Economists split on rate decision
Business Report
August 14, 2007
By Ethel Hazelhurst
Johannesburg - Economists are divided as to whether the Reserve Bank's monetary policy committee (MPC) should raise its official repo rate when it meets tomorrow and Thursday. While a 50 basis point hike, to 10 percent, was seen as inevitable only a few days ago, events on global financial markets have added a new dynamic to the situation. Brait economist Colen Garrow said an interest rate hike "would not be appropriate" at this point. Stock markets globally fell sharply last week on fears of escalating bad debts in certain categories of credit. The all share index fell more than 4 percent on Friday, but recovered 2.5 percent yesterday. Garrow said the Reserve Bank should "take its lead from key central banks", which have pumped money into the banking system to keep rates from rising sharply.
Sapa-AP reported that the European Central Bank yesterday injected €47.66 billion (R442 billion), after pumping in €61 billion on Friday and €94.8 billion on Thursday. And AFP said the Bank of Japan injected ¥600 billion (R36.7 billion) yesterday, following ¥1 trillion on Friday. On Thursday and Friday there was an infusion by central banks of $326 billion (R2.33 trillion) as interbank credit dried up. Garrow suggested the Reserve Bank wait for markets to stabilise before it raised rates. "The MPC doesn't have to wait for its next meeting to make that decision," he said. "It has previously held an unscheduled meeting."However, Andre Roux of Investec Asset Management said a hike was needed to maintain the bank's credibility in its stand against inflation.

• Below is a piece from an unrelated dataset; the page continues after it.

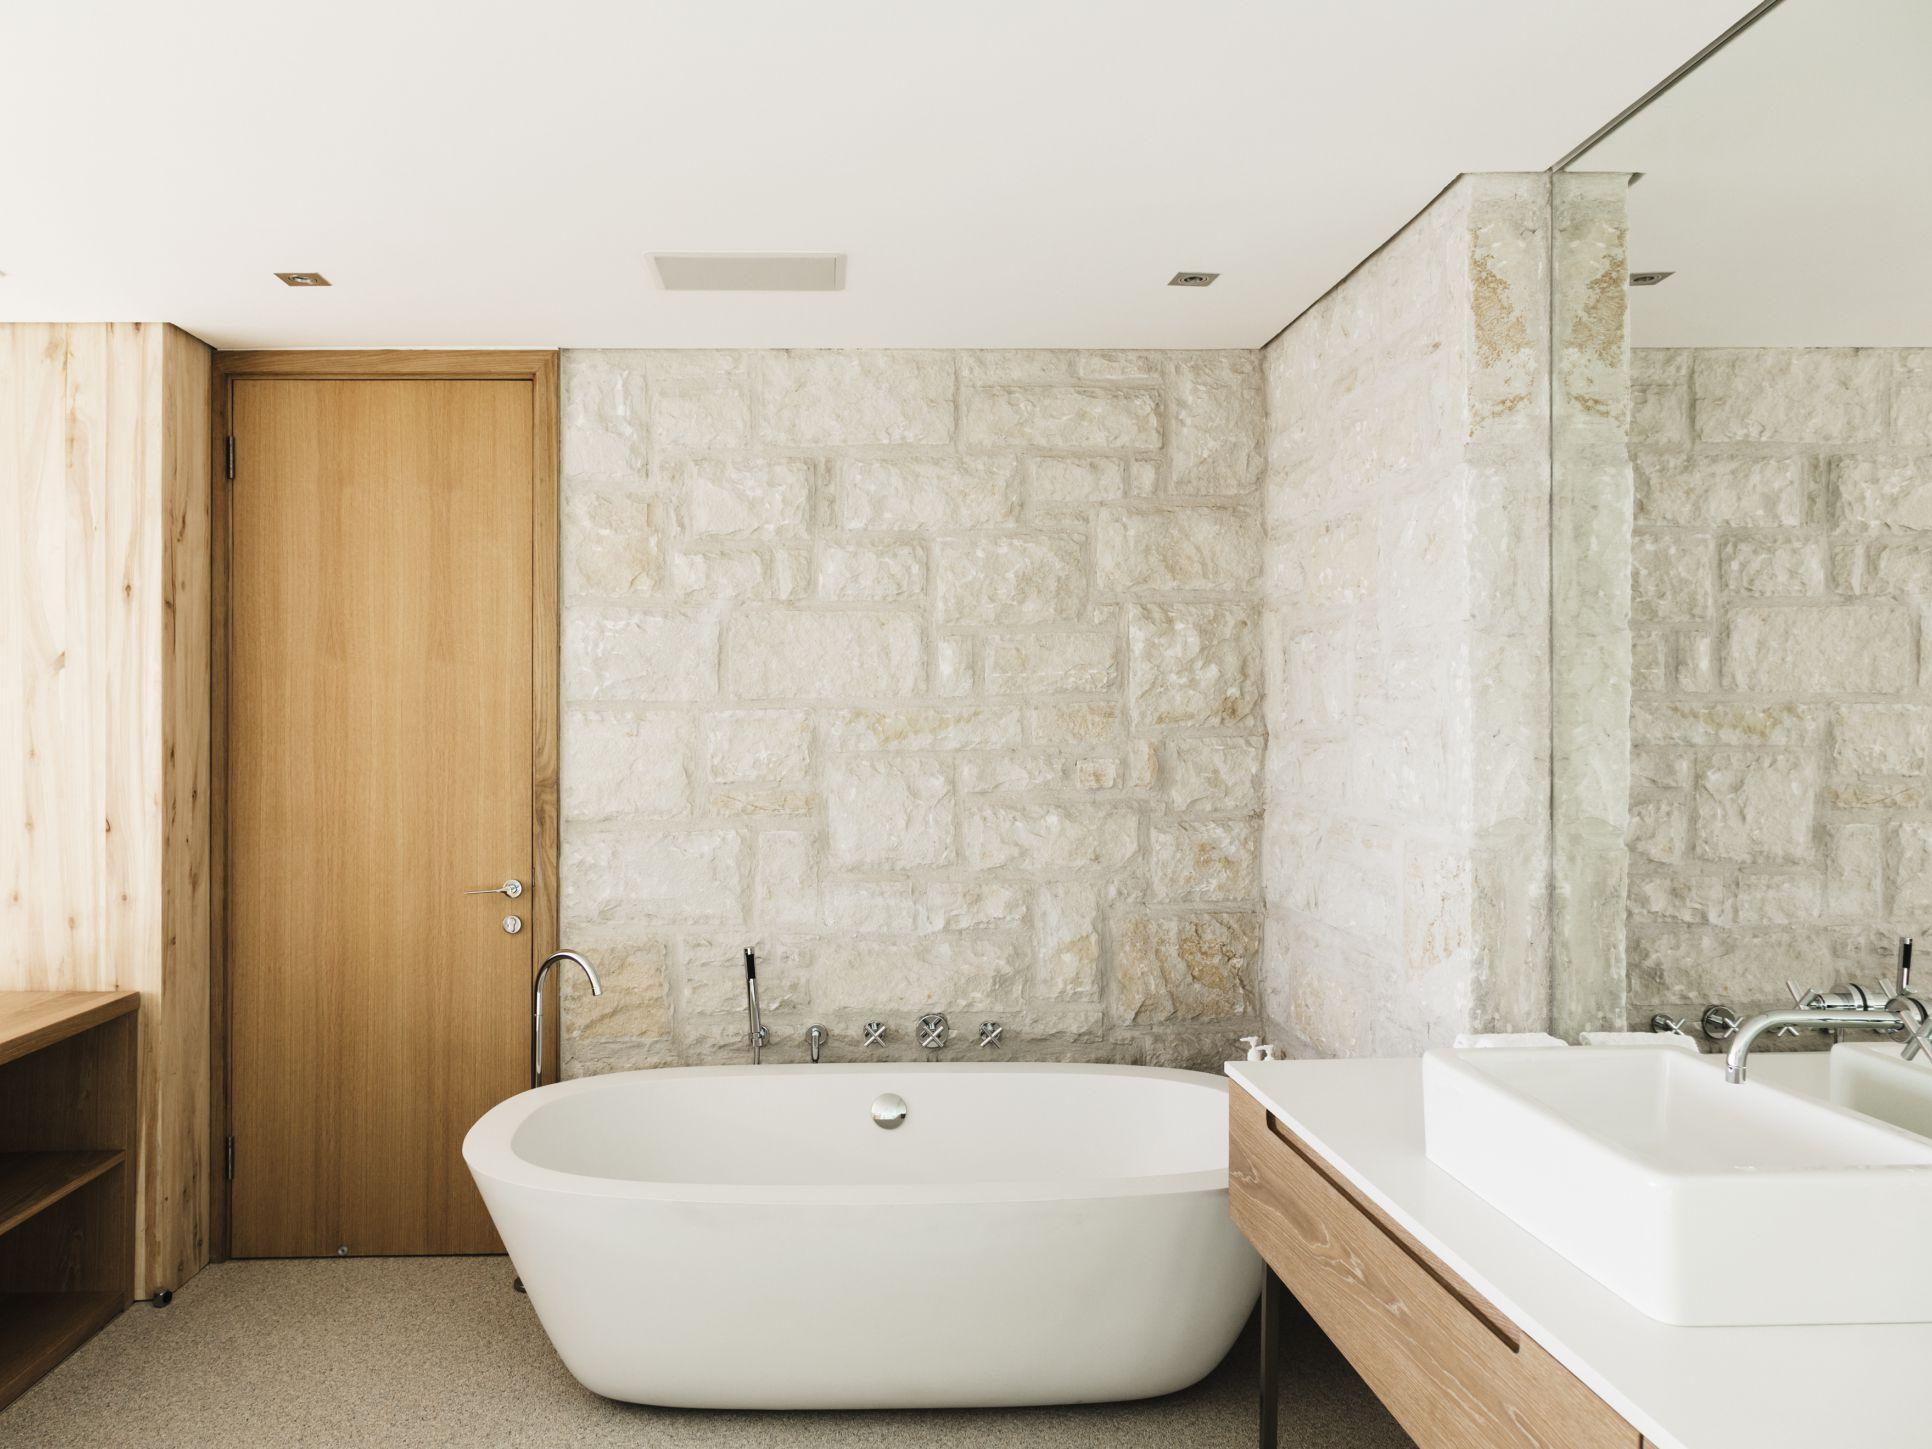 diy tub and shower finishing vs

And Sanlam economist Jac Laubscher said although concerns relating to bad debt globally created a risk of systemic problems, there was no evidence of such problems in South Africa. And in the circumstances, a rate rise was necessary. The Reserve Bank's benchmark CPIX measure (consumer price inflation less mortgage rates) has breached the ceiling of its target of between 3 percent and 6 percent for three months in a row. But there are other issues the MPC will have to consider. South Africa relies on financial inflows to fund its current account deficit, equal to 7 percent of gross domestic product. And relatively high interest rates attract capital seeking high returns. But rising rates slow equity markets, and foreigners have been investing more in the JSE than in local bond and money markets. So the net effect of a rate rise is hard to predict. Another issue is where the economy is in the business cycle, after a 2.5 percentage point hike since last June. The effects of these adjustments are unquantifiable because the full impact of monetary policy takes up to two years to come through. If a further hike now is one too many, it could tip the economy into a recession by 2009. The fact that 2009 is an election year is a complicating factor, although not one the Reserve Bank is likely to consider. Politicians, however, may be waiting anxiously for the outcome of the MPC meeting on Thursday.